= Bartholomew MacCarthy =

Bartholomew MacCarthy (12 December 1843, in Conna, Ballynoe, County Cork – 6 March 1904, in Inniscarra, Co. Cork) was a scholar and chronologist who wrote extensively on Early Irish literature.

He was educated at Mount Melleray Abbey, Seminary, County Waterford, and at St Colman's College, Fermoy, Co. Cork, afterwards studying at Rome, where he was ordained in 1869. On his return to Ireland he was appointed professor of Classics at St. Colman's, where he remained about three years. He then went as curate to Mitchelstown (where he was at the time of a massacre in 1887), and afterwards to Macroom and Youghal. In 1895 he was appointed parish priest of Inniscarra, near Cork, where he died. A few months before his death, he had been chosen by the Government on the recommendation of the Council of the Royal Irish Academy to edit the Annals of Tighearnach. He often spoke critically of his predecessors, for instance of John Colgan, the O'Clerys, Eugene O'Curry, etc., and of contemporary scholars. A letter of his criticising a favourable review of John Salmon's Ancient Irish Church as a Witness to Catholic Doctrine in the Irish Ecclesiastical Record (August, 1897, 166-170) led to a controversy between these two Catholic scholars, which was carried on in that periodical the following year.

==Published works==
- Essays on various Early Irish Ecclesiastical Fragments, written while he was in Rome and published mostly anonymously in the Irish Ecclesiastical Record (1864 sqq.)
- The Stowe Missal, perhaps his best-known work, published in the Transactions of the Royal Irish Academy, XXVII (1886), 135-268, in which he establishes the date of Moelchaich's recension as about 750 or at least the eighth century, and proves that the so-called Middle Irish corruptions can be paralleled from old Irish manuscripts, none of which are later than the ninth century; he also separates the earlier portion of the text into (a) the original Mass, dating from at least A.D. 500, called "Missa Patricii" in the Book of Armagh (A.D. 807), and (b) later augments and Roman contents.
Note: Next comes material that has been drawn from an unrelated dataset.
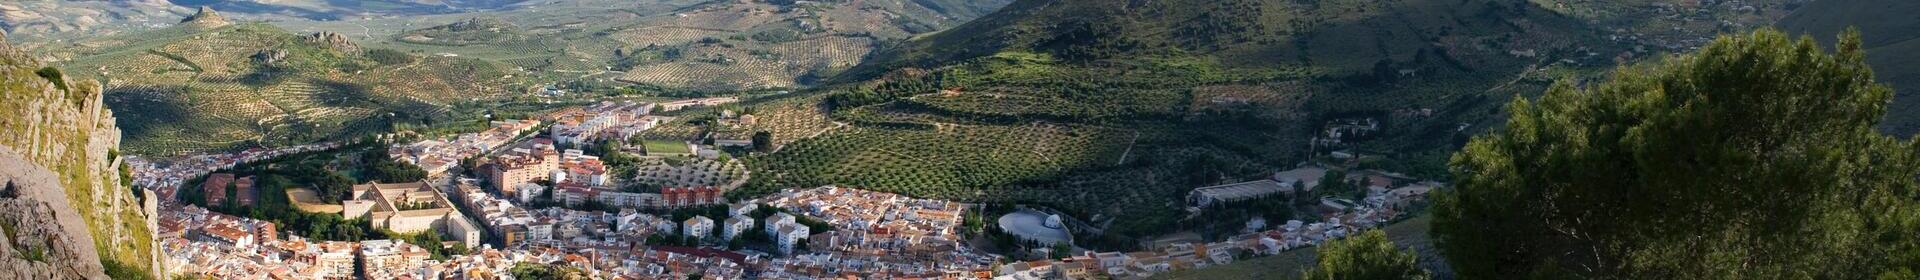 Jaén province

- Four Dissertations on the Codex Palatino-Vaticanus, No. 830 (Chronica Mariani Scotti), published in the Todd Lecture Series of the Royal Irish Academy, III (1892), illustrated by studies on Old Irish Metric, the Synchronisms from the Book of Ballymote, Paschal computations, and various Irish historical documents.
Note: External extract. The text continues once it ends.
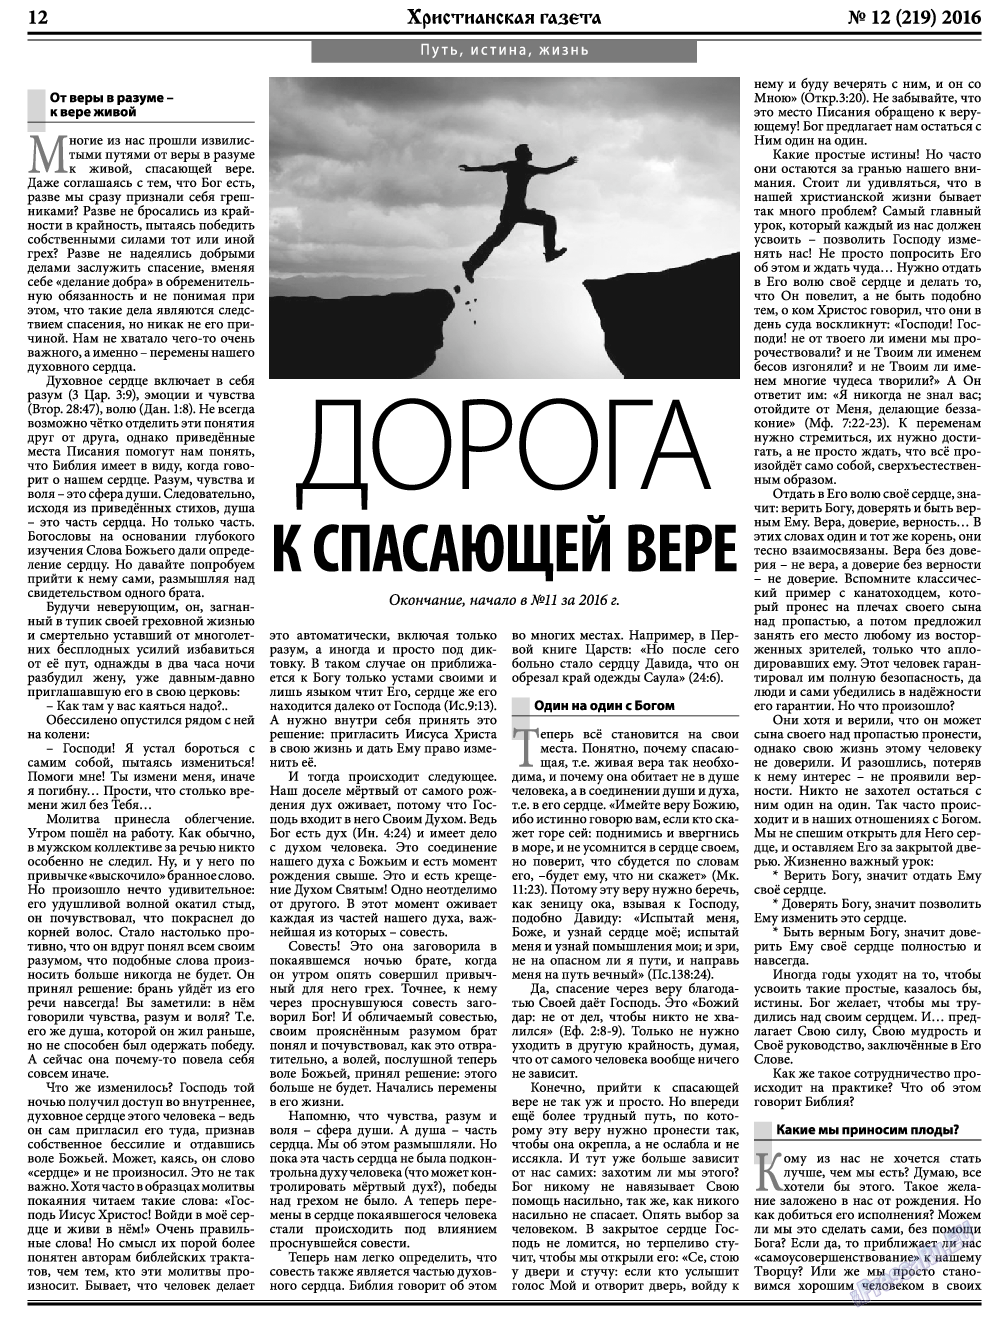 Христианская газета, газета. 2016 №12 стр.12

- New Textual Studies on the Tripartite Life of St. Patrick, published in the Transactions of the Royal Irish Academy, XXIX, 183 sqq., in which he proves that portion of the material of the Vita Tripartita must date back to the middle of the sixth century.
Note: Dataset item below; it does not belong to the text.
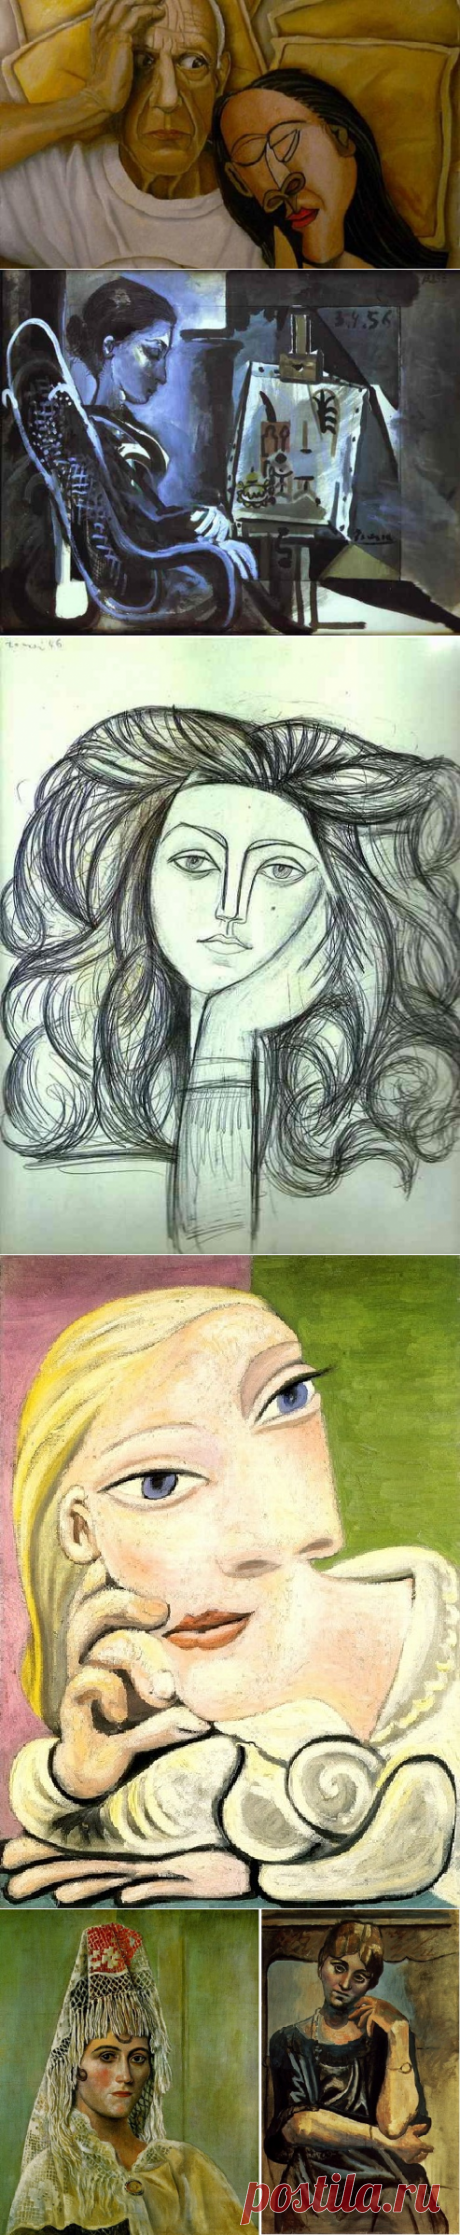 Семь главных женщин Пабло Пикассо в реальности и на портретах художника

- The Annals of Ulster. On the death of William M. Hennessey, Dr. MacCarthy was asked by the Government to continue the editing of this collection of Irish Annals in the Rolls Series. He published vols. II (1893), III (1895), and IV (1901). In the introduction to the fourth and final volume of these annals he deals in detail of various questions connected with the history of chronology among the nations of western Europe. These include discussions of the ancient Paschal cycle of 84 years and other Paschal computations in vogue in Ireland, the origin of A.D. dating in Irish annals, the methods of rectifying errors in the same, and the history of the various British or Irish falsifications which appeared during the disputes regarding Easter in the insular churches of the West, such as the Acts of Caesarea, the Athanasian Tractate, the Book of Anatolius, and the "Epistle" of Cyril of Alexandria. MacCarthy was recognized as an authority on the Paschal question.